Detalhes bibliográficos
Autor(a) principal: Yotoko, Karla S. C.
Data de Publicação: 2011
Outros Autores: Dornelas, Marcelo C., Togni, Pakisa D., Fonseca, Tamara C., Salzano, Francisco M., Bonatto, Sandro L., Freitas, Loreta B.
Tipo de documento: Artigo
Idioma: eng
Título da fonte: LOCUS Repositório Institucional da UFV
Texto Completo: http://journals.plos.org/plosone/article?id=10.1371/journal.pone.0018212
http://www.locus.ufv.br/handle/123456789/12190
Resumo: One of the long-standing paradoxes in genomic evolution is the observation that much of the genome is composed of repetitive DNA which has been typically regarded as superfluous to the function of the genome in generating phenotypes. In this work, we used comparative phylogenetic approaches to investigate if the variations in genome sizes (GS) should be considered as adaptive or neutral processes by the comparison between GS and flower diameters (FD) of 50 Passiflora species, more specifically, within its two most species-rich subgenera, Passiflora and Decaloba.

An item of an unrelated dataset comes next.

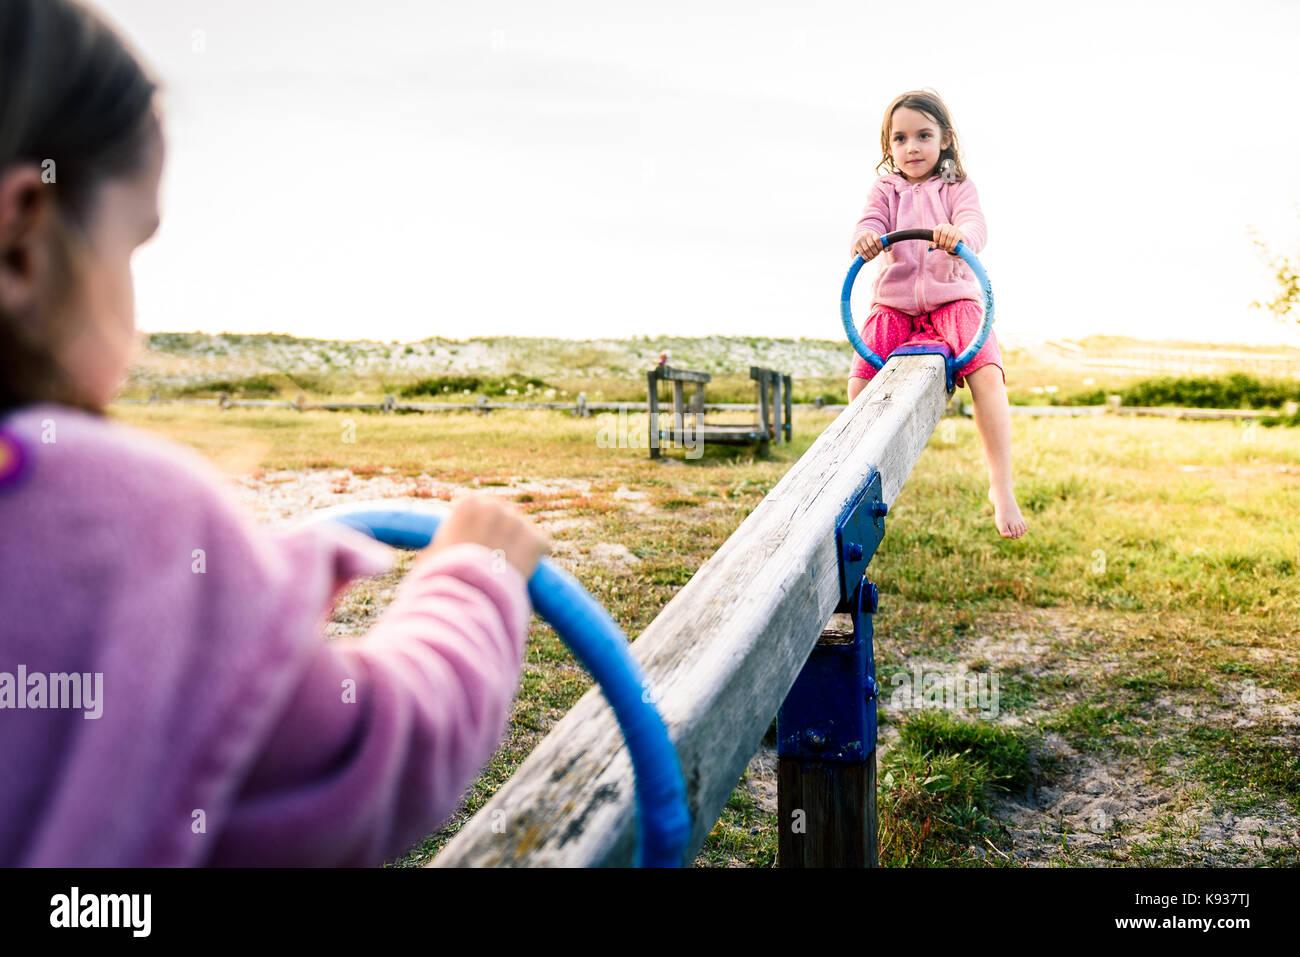 Peu d'enfants sont des jumelles équitation seesaw swing in park. actif enfants jouant sur des balançoires Photo Stock
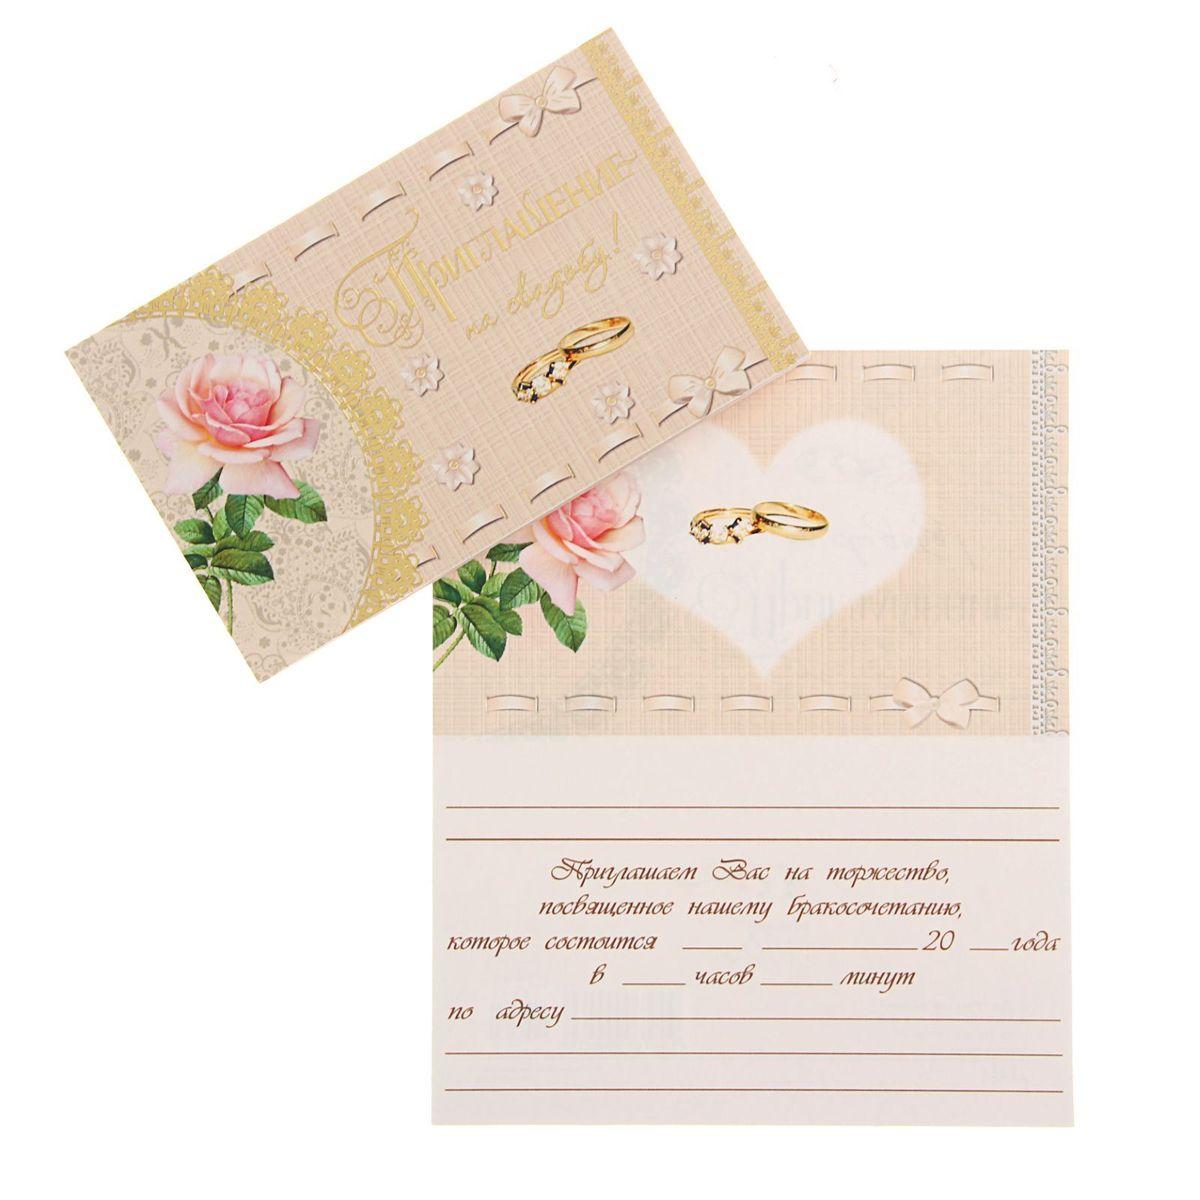 Приглашение на свадьбу Русский дизайн Роза с золотом, 14 х 8,5 см747204Красивая свадебная пригласительная открытка станет незаменимым атрибутом подготовки к предстоящему торжеству и позволит объявить самым дорогим вам людям о важном событии в вашей жизни. Приглашение на свадьбу Русский дизайн Роза с золотом, выполненное изкартона, отличается не только оригинальным дизайном, но и высоким качеством. Внутри - текстприглашения. Вам остается заполнить необходимые строки и раздать гостям.Устройте себе незабываемую свадьбу! Размер: 14 х 8,5 см.

For this, we have constructed a phylogenetic tree of these species, estimated GS and FD of them, inferred the tempo and mode of evolution of these traits and their correlations, using both current and phylogenetically independent contrasted values. We found significant correlations among the traits, when considering the complete set of data or only the subgenus Passiflora, whereas no correlations were observed within Decaloba. Herein, we present convincing evidence of adaptive evolution of GS, as well as clues that this pattern is limited by a minimum genome size, which could reduce both the possibilities of changes in GS and the possibility of phenotypic responses to environment changes.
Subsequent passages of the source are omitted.